He spent some time then chatting informally with rural well-wishers, while waiting for Murphy Roden, who had driven the Cadillac with License Plate Number 1 from Washington to New Orleans and was to call for its owner that afternoon in Baton Rouge. The Senator was due to make one of his fiery radio broadcasts over a state-wide hookup that night at eight in the Roosevelt Hotel. After a late lunch at the Heidelberg Hotel coffee shop he read the first installment of a biographical sketch of his career which had just appeared on the newsstands that day in the Saturday Evening Post. Then at length, with a group of friends and a cadre of bodyguards to see him off, he left for New Orleans. The bystanders urged him in parting to “pour it on ’em, Kingfish ... give ’em hell, Huey, you’re just the boy that can do it!” The party reached the Roosevelt barely five minutes before he was scheduled to begin broadcasting.

He spoke that night for a little more than three hours, interrupting the early portion of his program from time to time to say, as was his custom on such occasions:

“This is Senator Huey P. Long talking, and since the lying newspapers won’t tell you these things, I’ll get the boys to play a little music for the next five minutes or so, and while they’re doing that you go call some friends and neighbors on the telephone and let them know I’m on the air, and if they really want the truth they can turn on their radios and tune in.”

One of the major proposals he made public that night was a project for enabling unusually gifted high-school students to continue their education through college at virtually no cost to themselves or their parents. Education for the underprivileged—e.g., the free-schoolbook law—had been one of the most potent elements in the grand strategy of his drive for popular support when he first entered public life. It highlighted the last public address of his career as well.
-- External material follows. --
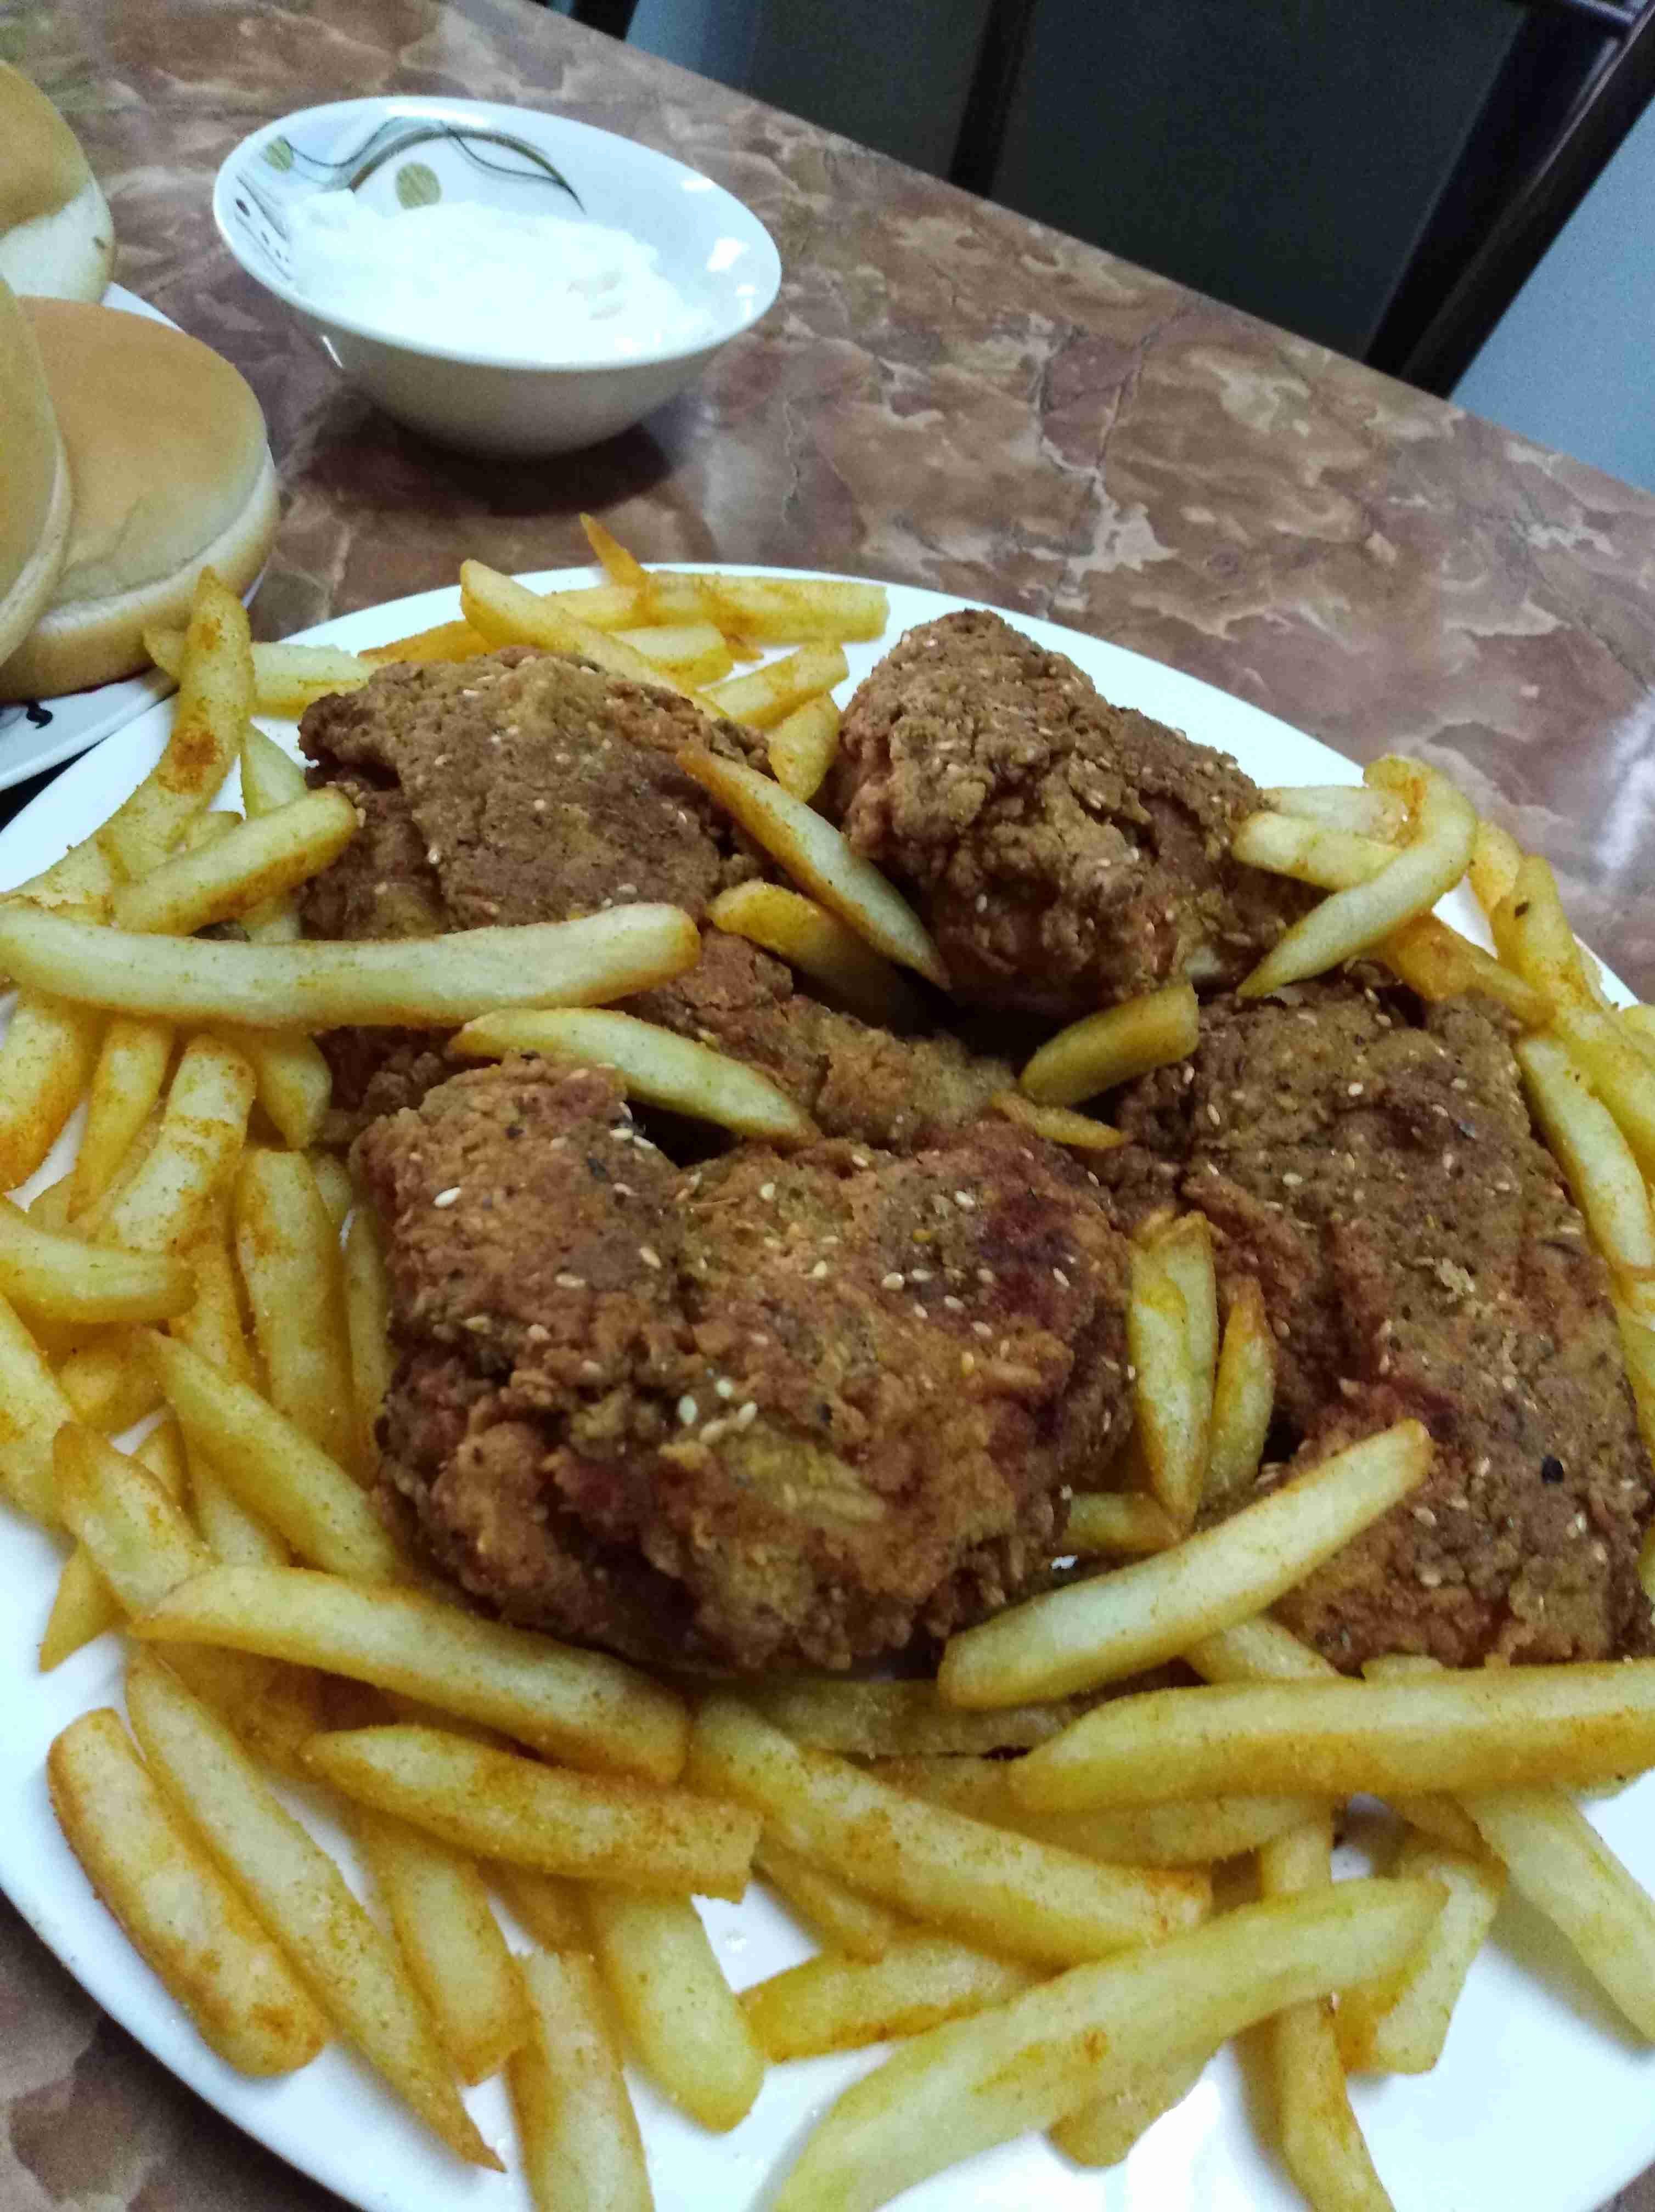 طريقة دجاج بروستد الز من الجاهز عطريقه تسوووم أطباق رئيسية عزيزتي المتابعة بصمت لتصلك مزيد من الوصفات ضعي لايك وات Middle Eastern Recipes Chicken Recipes Food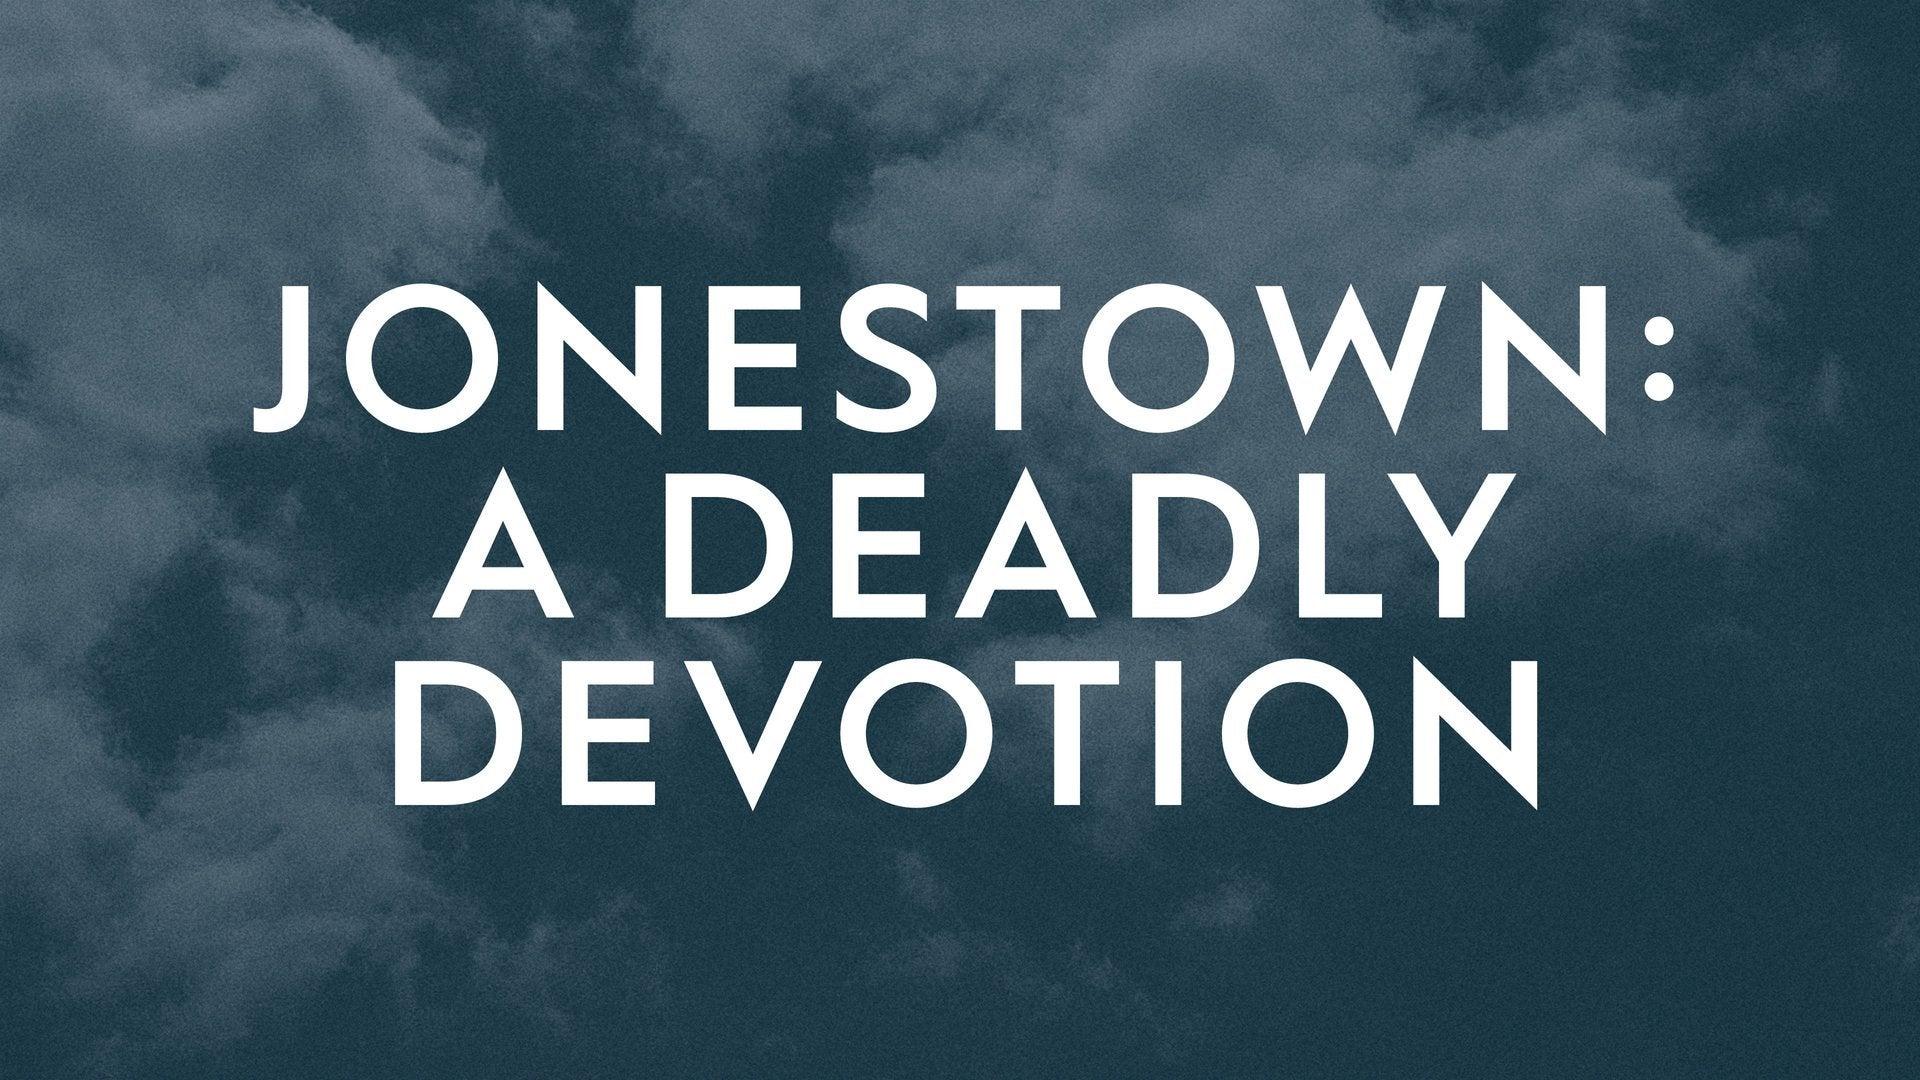 Jonestown: A Deadly Devotion

“One thousand boys and girls,” he pledged, “will be given a practically free college education at L.S.U. next year. We’ll select the ones that make the best grades and send them through college, a thousand of them for a starter. I already asked Dr. Smith [Louisiana State University president] whether he could do it beginning this fall, if we came up with a hundred thousand dollars extra for the University appropriation, and he said, well, he might be able to do it, anyway he would try. So I asked him could he do it if we gave him an extra two hundred thousand dollars, and he said yes indeed he sure could. So I told him we would give him three hundred thousand dollars just to make sure he had enough.”

Of course he attacked the Roosevelt administration at the national level and for its intrusion via patronage into the local arena of Louisiana politics; and equally of course he “poured it on” Mayor Walmsley, Congressman Sandlin, “the whole old plunderbund that you’ve done got rid of once and that Roosevelt is trying to saddle back onto you.”

At intervals the musicians would play “Every Man a King,” and Senator Long, who claimed authorship of the lyrics but could not carry a tune, would recite one chorus to the band’s accompaniment; and once he recited a chorus of “Sweetheart of L.S.U.,” for which he had also written the lyrics to music composed by Castro Carrazo, the state university’s bandmaster.

At the end of his three-hour stint he was driven to his home in posh Audubon Boulevard and spent the night there with his family. But he was up and away early enough the next morning—Friday—to eat breakfast in the Roosevelt Hotel coffee shop, talking with an uninterrupted succession of callers while he was at the table, and again in his twelfth-floor suite, access to which could be gained only if one were passed by a succession of bodyguards. Technically, these were officers of the State Bureau of Investigation and Identification, which had come into being during Long’s term as governor.

The bill creating it was introduced by an anti-Long member as a nonpolitical measure, at a time when Louisiana had no state constabulary. The jurisdiction of each sheriff and his deputies was restricted to his county. What the backers of the new measure sought was the creation of a force which, working in conjunction with the F.B.I., would have state-wide jurisdiction.

Instead of opposing this, on the ground that it was inspired by political opponents, Long espoused it enthusiastically, and then turned it into a personal elite guard whose powers were broader than those of any mere local peace officer. Certain particularly trustworthy members of the group were assigned to duty as his bodyguards.